Шрифт:
Интервал:
Закладка:
— Что ты себе позволяешь? — сердито спросил, встряхивая за плечи. Карие глаза, минуту назад сверкающие довольным озорством, сейчас смотрели виновато.
— Она мне не нравится.
— Мне тоже многие не нравятся, но я не веду себя, черт знает как! Твоя антипатия не дает тебе право вести себя, как хочу. Еще раз выкинешь какой-нибудь фокус, я перестану приезжать сюда! Поняла?
— Она тебя не любит! Она меня не любит! — губы обиженно задрожали.
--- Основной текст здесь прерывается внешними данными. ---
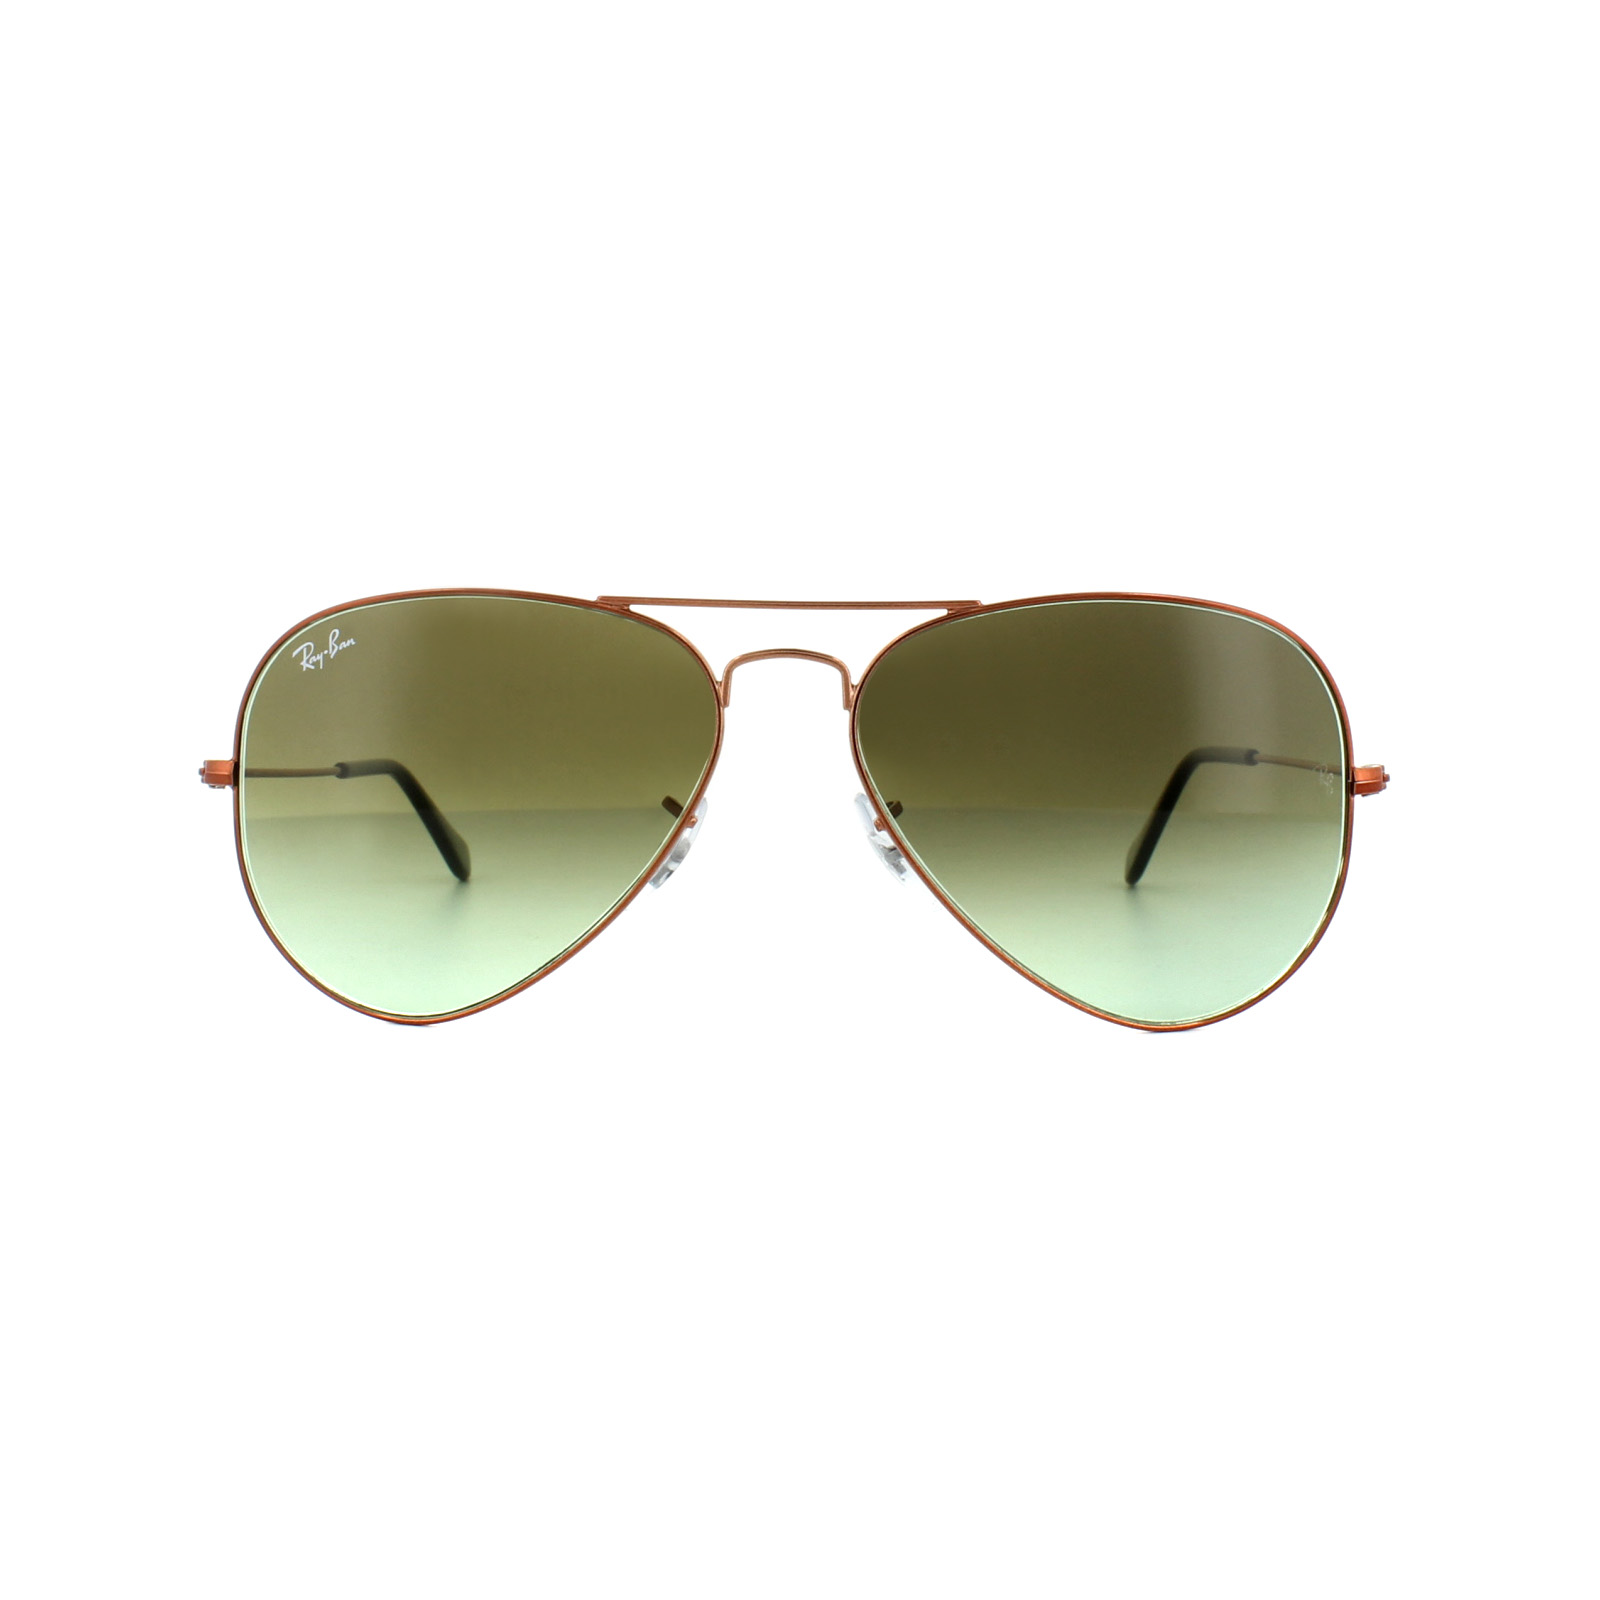 151acdd2e86 Sentinel Ray-Ban Sunglasses Aviator 3025 9002A6 Bronze Copper Green Gradient  Medium 58mm

Сжав зубы, притянул ее к себе.
— Малыш, главное, что тебя любят родители и я. Остальное ерунда!
— Ты не уйдешь?
— Нет, я всегда буду рядом, — обхватив ладонями голову, поцеловал в лоб. А на душе скребли кошки. То, что я не позволял себе думать, вслух произнесла Милана. Олеся не любила детей, независимо, чьи они были, она хоть и говорила, что любит меня, но я видел, в синих глазах нет той нежности, которую наблюдал в глазах близких мне людей: Наташи, Иры, Алены, по отношению к своим мужьям.
Напевая какую-то мелодию, зашел в приемную. Секретарша вскочила на ноги. Дарья лучезарно улыбнулась. Что ж, я тоже был рад ее видеть, до чертиков соскучился по работе, по движухе.
— Доброе утро, Дмитрий Александрович! Отлично выглядите!
— Спасибо Даша, впервые оценил прелести пляжного отдыха.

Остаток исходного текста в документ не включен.